Reader Question: What's the most complex data structure you've ever run into or had to program against?

My personal one was the "Mortgage Industry Standards Maintenance Organization" (you can download it if you're bored) which is a monster DTD that includes just about everything a real estate/mortgage or financial company could want.  In any case, creating "fake" data [for a customer prototype using BizTalk] for this thing was tough, and showing how each different partner organization could use part of this data in their application as part of an orchestrated process was tougher.

Here's another one (although I haven't written code for this), the Visual Studio 2005 has a way to export your IDE settings into a *.vssettings file. So I did this with C# Express and I got a nice 400K size text file. Ouch! To be fair, most of the size appears to be Base64 encoded data which bloats the file size quite a bit.

Back to the question: What's the most complex data structure you've ever run into or had to program against?

Comments

  • Anonymous
    January 27, 2005
    Anything coming out of the HL7 consortium.
  • Anonymous
    January 27, 2005
    MSDN!
  • Anonymous
    January 27, 2005
    does this count:

    export all the data from an UN DOCUMENTED Oracle Database and then convert it to a format for importing to a new database.

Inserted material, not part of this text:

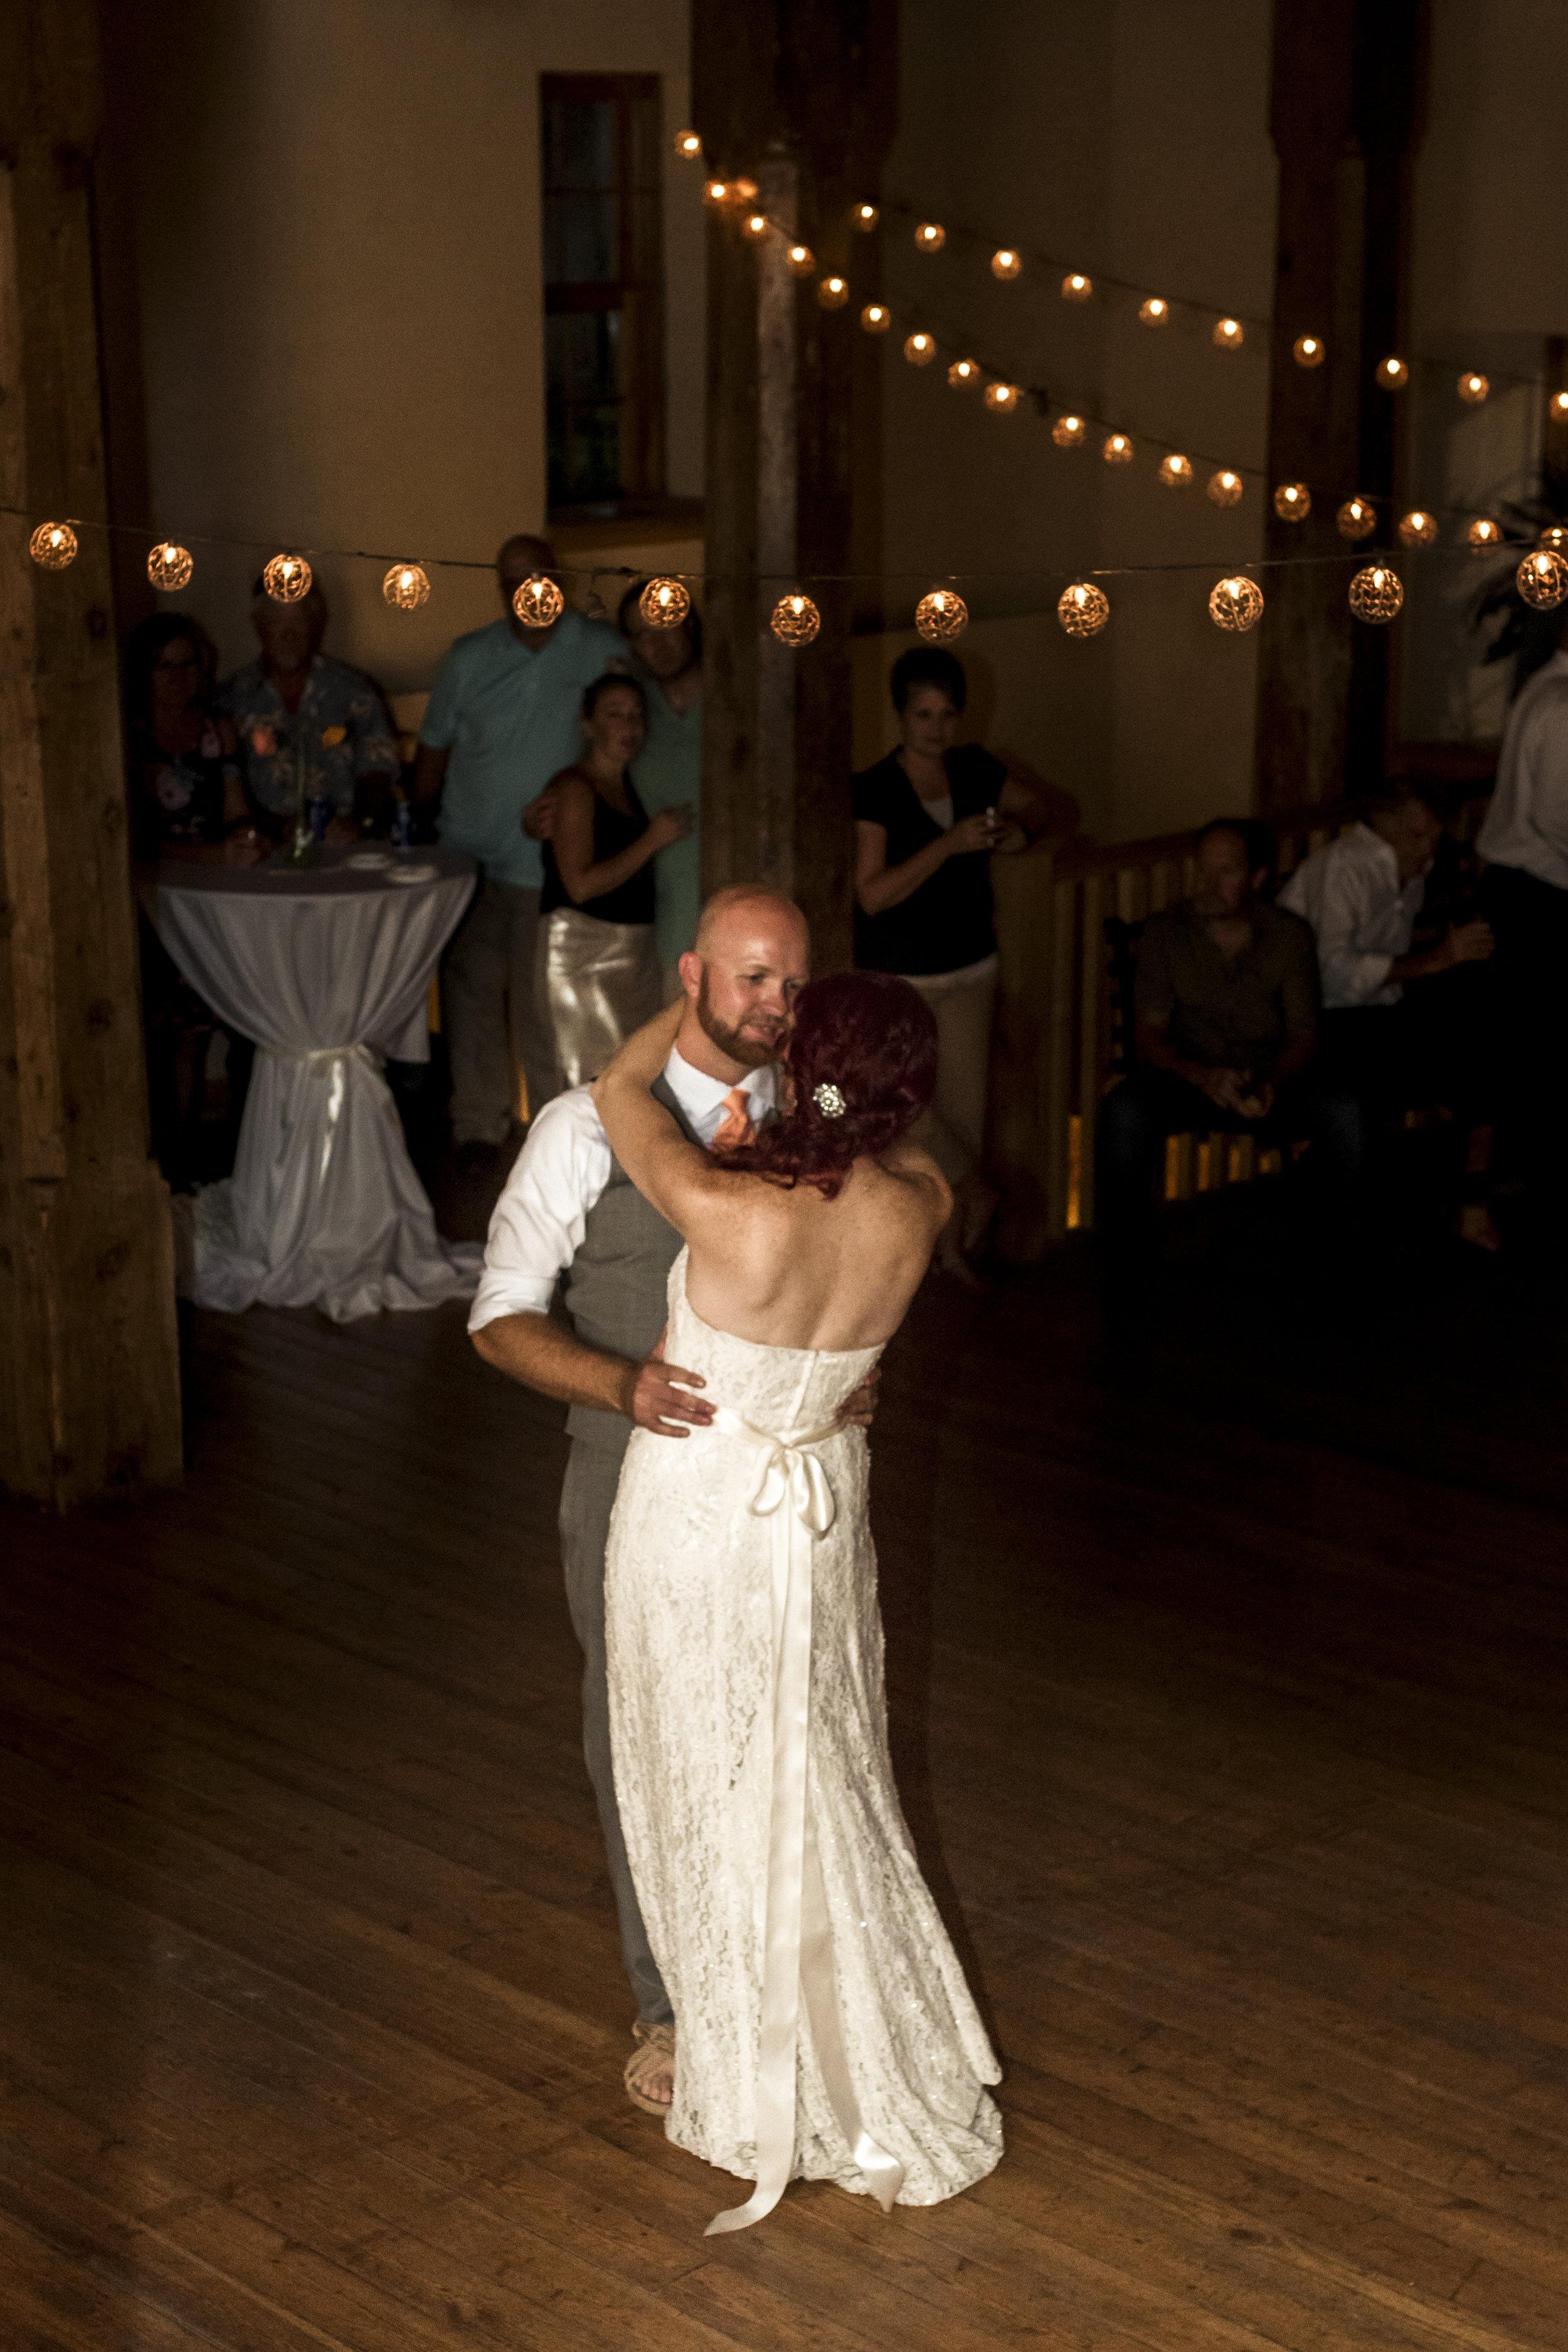 BBPhotoUtah summer wedding receptionOld Chase Mill04.JPG
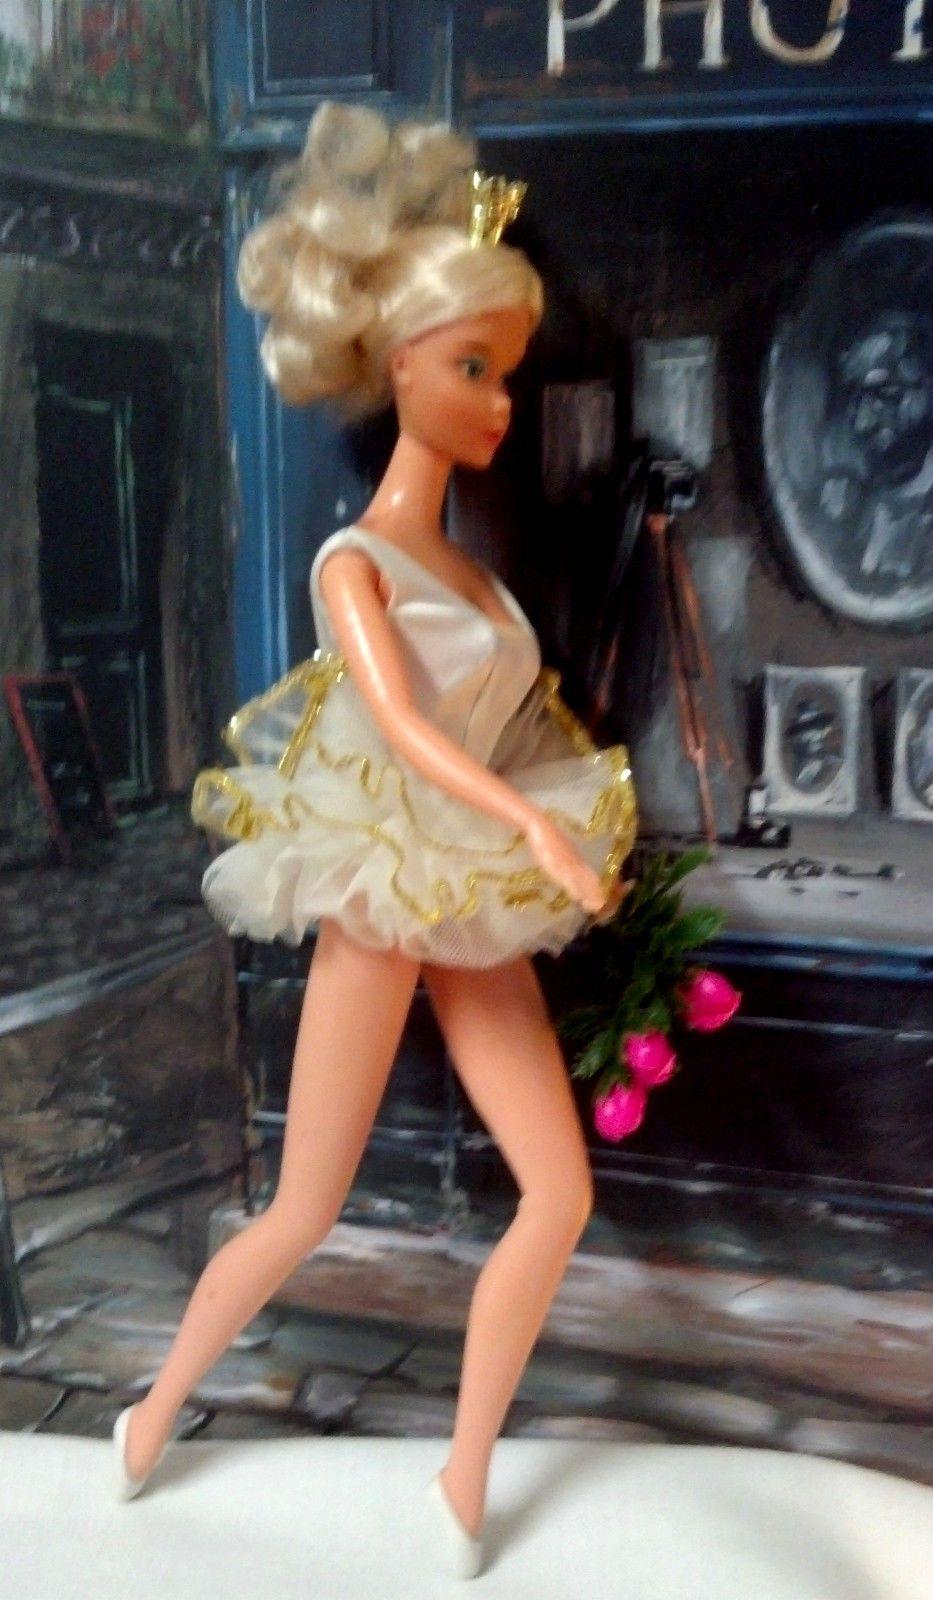 Details about #9093 Vintage Ballerina Barbie doll 1976 USED

    many, many, many tables and some very strange data.... with no docs!
  • Anonymous
    January 27, 2005
    ACORD - Insurance Standard

    Anything you would ever want to know about any type of insurance. (And there is a ton you may want to know.)

    Funny thing is, I used to work in the power industry. They had way more complex data used in way more complex ways. All kinds of unit factors, power loss coefficients, and polutant credits. Youch! But their structures were small and easy to use. Probably because they were smart enough to know it, and categorize/organize it into consumable units.

    Frisky
  • Anonymous
    January 27, 2005
    The MISMO! Gahhhhhhhh! I'm on a project to upgrade our version to to 2.3.1. Good to see a few people will at least see it's complexity ;-)
  • Anonymous
    January 27, 2005
    A boolean variable ;)
  • Anonymous
    January 27, 2005
    Has to be either a genealogical database structure or an OMG proposal for the semantics and vocabulary of business rules. The genealogy project had an ORM diagram spanning about 25 pages. It had to keep track of things like where a person was born, how certain you are about when that event took place, when the name of that place changed, who had made changes to the data and when, permissions for collaboration groups.... oy! We had to pare it down fairly significantly before we could implement it. The BSBR (Business Semantics of Business Rules-- it's since been renamed to someting else) document was 300+ pages of terminology for defining what a business rule is and how to quantify it. Since it was a draft proposal, we had to go through and check to make sure the document was consistent with itself before we could even start deciding if the things it said made logical sense. Plus, all the semantics of these words were defined by font styles in a Word document. We ended up creating a massive XSL transform that spat it into parsable XML that could then be visualized and verified for consistency.
  • Anonymous
    January 27, 2005
    Alex - Ouch, I feel your pain, good luck!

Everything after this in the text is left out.